| What you have to do |
Every line below that includes the word "Backgrounds" needs to be copied.

------ Supplied information

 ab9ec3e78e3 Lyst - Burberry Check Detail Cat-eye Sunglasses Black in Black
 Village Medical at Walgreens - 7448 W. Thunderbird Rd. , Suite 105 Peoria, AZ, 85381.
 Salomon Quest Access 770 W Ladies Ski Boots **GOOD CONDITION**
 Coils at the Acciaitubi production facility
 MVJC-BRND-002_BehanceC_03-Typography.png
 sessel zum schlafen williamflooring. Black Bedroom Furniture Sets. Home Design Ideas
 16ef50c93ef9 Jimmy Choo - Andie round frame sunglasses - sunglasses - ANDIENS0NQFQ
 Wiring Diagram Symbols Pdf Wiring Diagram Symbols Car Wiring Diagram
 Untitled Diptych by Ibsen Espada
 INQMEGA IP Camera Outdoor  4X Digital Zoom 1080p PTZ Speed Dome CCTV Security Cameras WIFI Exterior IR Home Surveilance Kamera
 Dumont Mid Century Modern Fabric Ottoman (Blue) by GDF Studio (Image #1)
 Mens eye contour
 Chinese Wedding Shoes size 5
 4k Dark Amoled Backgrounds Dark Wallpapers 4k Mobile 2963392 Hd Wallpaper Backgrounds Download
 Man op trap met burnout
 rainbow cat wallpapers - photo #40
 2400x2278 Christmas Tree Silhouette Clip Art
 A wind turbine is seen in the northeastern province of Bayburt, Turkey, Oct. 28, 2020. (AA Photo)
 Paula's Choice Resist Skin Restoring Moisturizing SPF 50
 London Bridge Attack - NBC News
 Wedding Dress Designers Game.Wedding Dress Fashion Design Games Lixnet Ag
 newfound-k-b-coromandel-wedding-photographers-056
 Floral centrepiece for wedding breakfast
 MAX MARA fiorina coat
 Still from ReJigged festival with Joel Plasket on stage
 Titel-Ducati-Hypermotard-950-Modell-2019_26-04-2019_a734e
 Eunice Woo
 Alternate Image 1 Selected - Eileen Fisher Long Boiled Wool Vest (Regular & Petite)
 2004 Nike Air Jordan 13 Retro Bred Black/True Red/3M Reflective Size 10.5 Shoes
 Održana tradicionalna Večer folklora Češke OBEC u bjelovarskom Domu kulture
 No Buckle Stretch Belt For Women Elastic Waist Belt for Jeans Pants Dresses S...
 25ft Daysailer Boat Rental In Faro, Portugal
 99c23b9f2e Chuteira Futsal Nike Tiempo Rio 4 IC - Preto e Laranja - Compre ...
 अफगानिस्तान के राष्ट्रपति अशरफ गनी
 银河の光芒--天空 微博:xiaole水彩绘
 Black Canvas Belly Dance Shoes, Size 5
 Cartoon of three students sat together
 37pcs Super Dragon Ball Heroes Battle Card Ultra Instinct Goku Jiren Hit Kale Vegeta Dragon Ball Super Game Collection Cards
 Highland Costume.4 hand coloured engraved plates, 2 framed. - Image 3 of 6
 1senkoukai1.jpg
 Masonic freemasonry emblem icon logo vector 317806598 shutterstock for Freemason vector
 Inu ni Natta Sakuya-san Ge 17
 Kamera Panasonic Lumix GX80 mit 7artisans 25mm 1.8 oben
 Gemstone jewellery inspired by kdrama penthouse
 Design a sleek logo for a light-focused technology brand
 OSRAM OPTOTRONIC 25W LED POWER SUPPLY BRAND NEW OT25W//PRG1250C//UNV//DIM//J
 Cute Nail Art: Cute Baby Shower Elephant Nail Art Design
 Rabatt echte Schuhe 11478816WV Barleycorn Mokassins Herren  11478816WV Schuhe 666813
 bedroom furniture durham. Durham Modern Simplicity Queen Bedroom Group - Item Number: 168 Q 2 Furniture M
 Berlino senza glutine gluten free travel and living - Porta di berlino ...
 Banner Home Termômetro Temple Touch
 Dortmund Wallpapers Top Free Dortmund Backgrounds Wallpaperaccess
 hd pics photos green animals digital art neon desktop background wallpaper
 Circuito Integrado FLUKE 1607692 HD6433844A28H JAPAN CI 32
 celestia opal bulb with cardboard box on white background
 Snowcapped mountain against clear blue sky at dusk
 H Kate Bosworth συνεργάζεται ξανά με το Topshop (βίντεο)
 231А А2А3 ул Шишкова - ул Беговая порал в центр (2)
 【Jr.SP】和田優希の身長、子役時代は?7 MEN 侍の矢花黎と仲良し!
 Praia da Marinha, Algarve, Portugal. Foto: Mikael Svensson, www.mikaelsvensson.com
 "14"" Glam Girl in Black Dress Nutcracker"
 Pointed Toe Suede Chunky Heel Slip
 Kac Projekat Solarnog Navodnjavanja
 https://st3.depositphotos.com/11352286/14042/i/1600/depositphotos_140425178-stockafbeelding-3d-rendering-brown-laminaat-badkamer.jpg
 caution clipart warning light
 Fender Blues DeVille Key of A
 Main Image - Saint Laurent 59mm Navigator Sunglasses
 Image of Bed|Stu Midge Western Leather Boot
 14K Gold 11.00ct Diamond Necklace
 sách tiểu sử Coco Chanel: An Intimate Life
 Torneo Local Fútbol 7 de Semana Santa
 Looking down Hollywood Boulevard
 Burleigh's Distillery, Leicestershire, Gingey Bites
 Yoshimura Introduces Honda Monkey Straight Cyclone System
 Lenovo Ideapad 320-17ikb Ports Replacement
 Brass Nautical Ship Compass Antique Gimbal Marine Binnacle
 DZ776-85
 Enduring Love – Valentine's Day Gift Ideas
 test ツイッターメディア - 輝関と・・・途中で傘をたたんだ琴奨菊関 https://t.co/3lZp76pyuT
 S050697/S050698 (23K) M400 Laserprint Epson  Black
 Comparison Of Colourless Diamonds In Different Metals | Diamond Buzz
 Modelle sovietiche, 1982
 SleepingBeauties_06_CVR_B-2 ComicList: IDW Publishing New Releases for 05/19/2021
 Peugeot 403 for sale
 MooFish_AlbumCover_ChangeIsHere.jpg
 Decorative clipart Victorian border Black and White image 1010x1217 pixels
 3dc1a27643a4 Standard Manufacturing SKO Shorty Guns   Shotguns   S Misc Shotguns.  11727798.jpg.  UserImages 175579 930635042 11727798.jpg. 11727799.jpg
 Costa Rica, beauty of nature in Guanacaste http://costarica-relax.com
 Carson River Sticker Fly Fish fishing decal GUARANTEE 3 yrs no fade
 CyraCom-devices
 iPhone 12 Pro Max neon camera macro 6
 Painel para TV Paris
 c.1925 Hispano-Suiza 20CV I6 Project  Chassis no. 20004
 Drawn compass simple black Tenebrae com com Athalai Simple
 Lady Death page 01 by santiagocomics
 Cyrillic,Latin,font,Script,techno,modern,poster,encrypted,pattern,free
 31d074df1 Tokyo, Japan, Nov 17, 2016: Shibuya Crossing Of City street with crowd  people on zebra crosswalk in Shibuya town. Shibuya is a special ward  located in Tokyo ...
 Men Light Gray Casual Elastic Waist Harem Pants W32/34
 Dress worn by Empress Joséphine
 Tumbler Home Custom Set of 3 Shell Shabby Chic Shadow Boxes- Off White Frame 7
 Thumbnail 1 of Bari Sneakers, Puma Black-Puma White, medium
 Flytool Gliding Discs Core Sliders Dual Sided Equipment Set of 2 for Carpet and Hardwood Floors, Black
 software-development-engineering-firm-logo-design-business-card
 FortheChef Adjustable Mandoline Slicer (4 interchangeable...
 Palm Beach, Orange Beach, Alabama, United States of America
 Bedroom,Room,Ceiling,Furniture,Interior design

------------

| Finished task |
 4k Dark Amoled Backgrounds Dark Wallpapers 4k Mobile 2963392 Hd Wallpaper Backgrounds Download
 Dortmund Wallpapers Top Free Dortmund Backgrounds Wallpaperaccess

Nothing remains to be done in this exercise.